You're here, there's nothing I fear,
and I know that my heart will go on.
We'll stay forever this way.
You are safe in my heart.
And my heart will go on and on.

描述

男主想要用三句话表达对女主的爱,男主要对这三句话进行一番锤炼,现在要找出三句话中永恒不变的事物,需要做的,就是计算出三份序列的最长公共子序列长度、公共子序列个数,其中个数对第201314个质数(2769433)取模。
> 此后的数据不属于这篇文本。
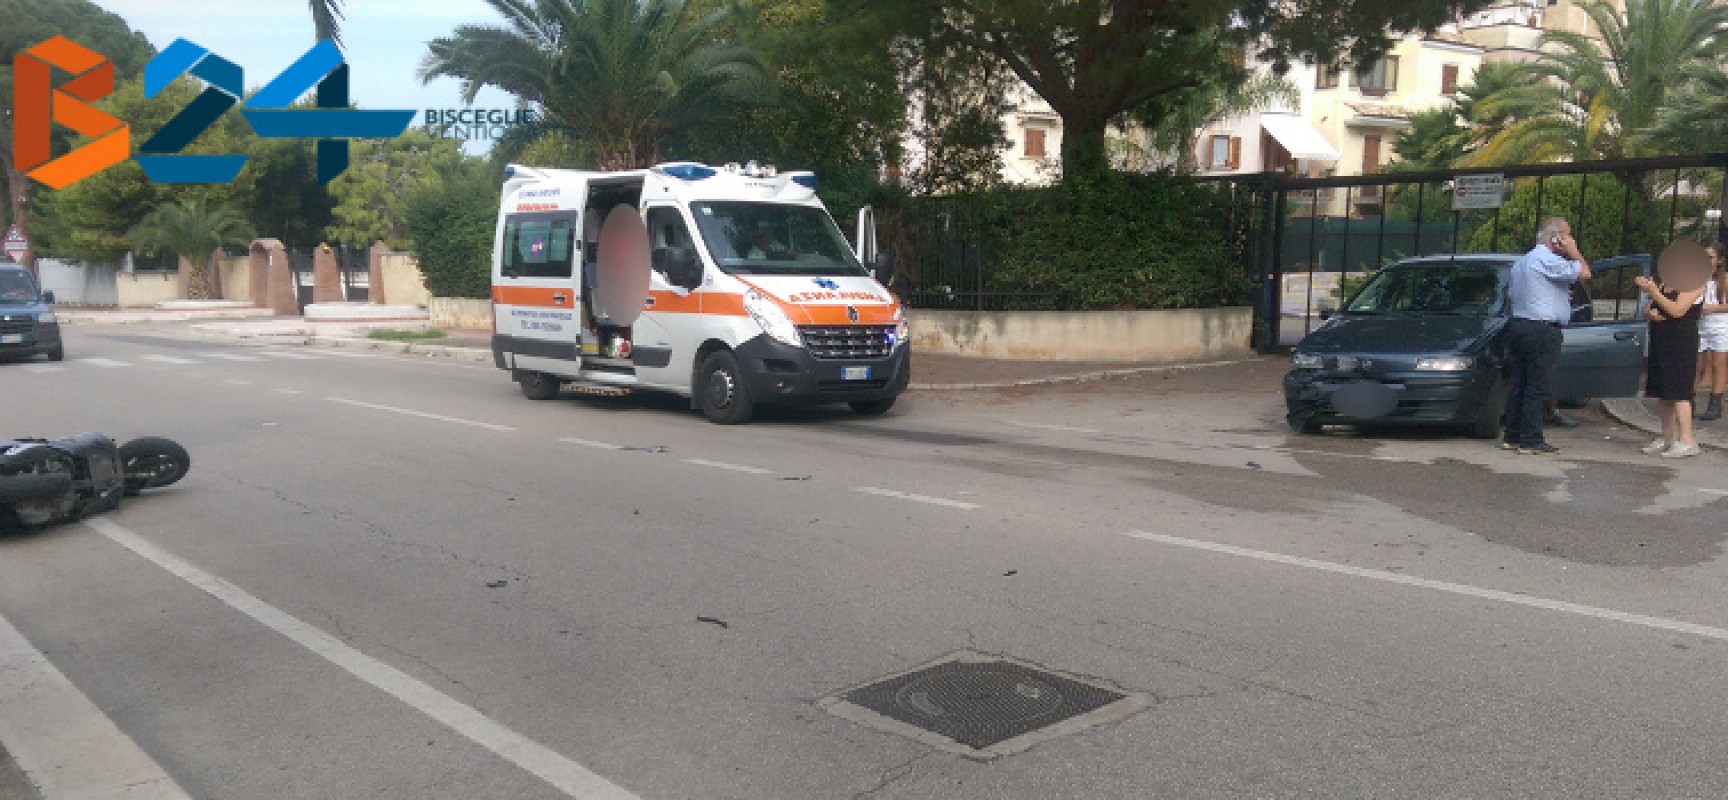 Incidente tra auto e scooter su via Sant’Andrea, trasportato al pronto soccorso il motociclista

字符之间的匹配不区分大小写(即"a"与"A"视为相等)

输入格式

共三行,一行一个字母序列。

输出格式

第一行,三份序列的最长公共子序列长度。
第二行,三份序列的公共子序列个数对第201314个质数(2769433)取模得到的答案

样例输入

INeedYou
IMissYou
ILoveYou

样例输出

4
15

数据范围与约定

对于100%的数据,序列仅含大小写字母,序列长度均leq 100

样例解释

最长公共子序列是IYou,长度为4,公共子序列分别是I Y o u IY Io Iu Yo Yu ou IYo IYu Iou You IYou,共4+6+4+1 = 15个

来源

本题有个无节操版本……

这题是统计公共子序列个数+去重

正解用了容斥原理,并且允许空串。

F[I][J][K]=2F[I-1][J-1][K-1]-F[I'-1][J'-1][K'-1] I',J',K'为I,J,K,之前出现a[i],b[j],c[k]的位置(没有就不用减)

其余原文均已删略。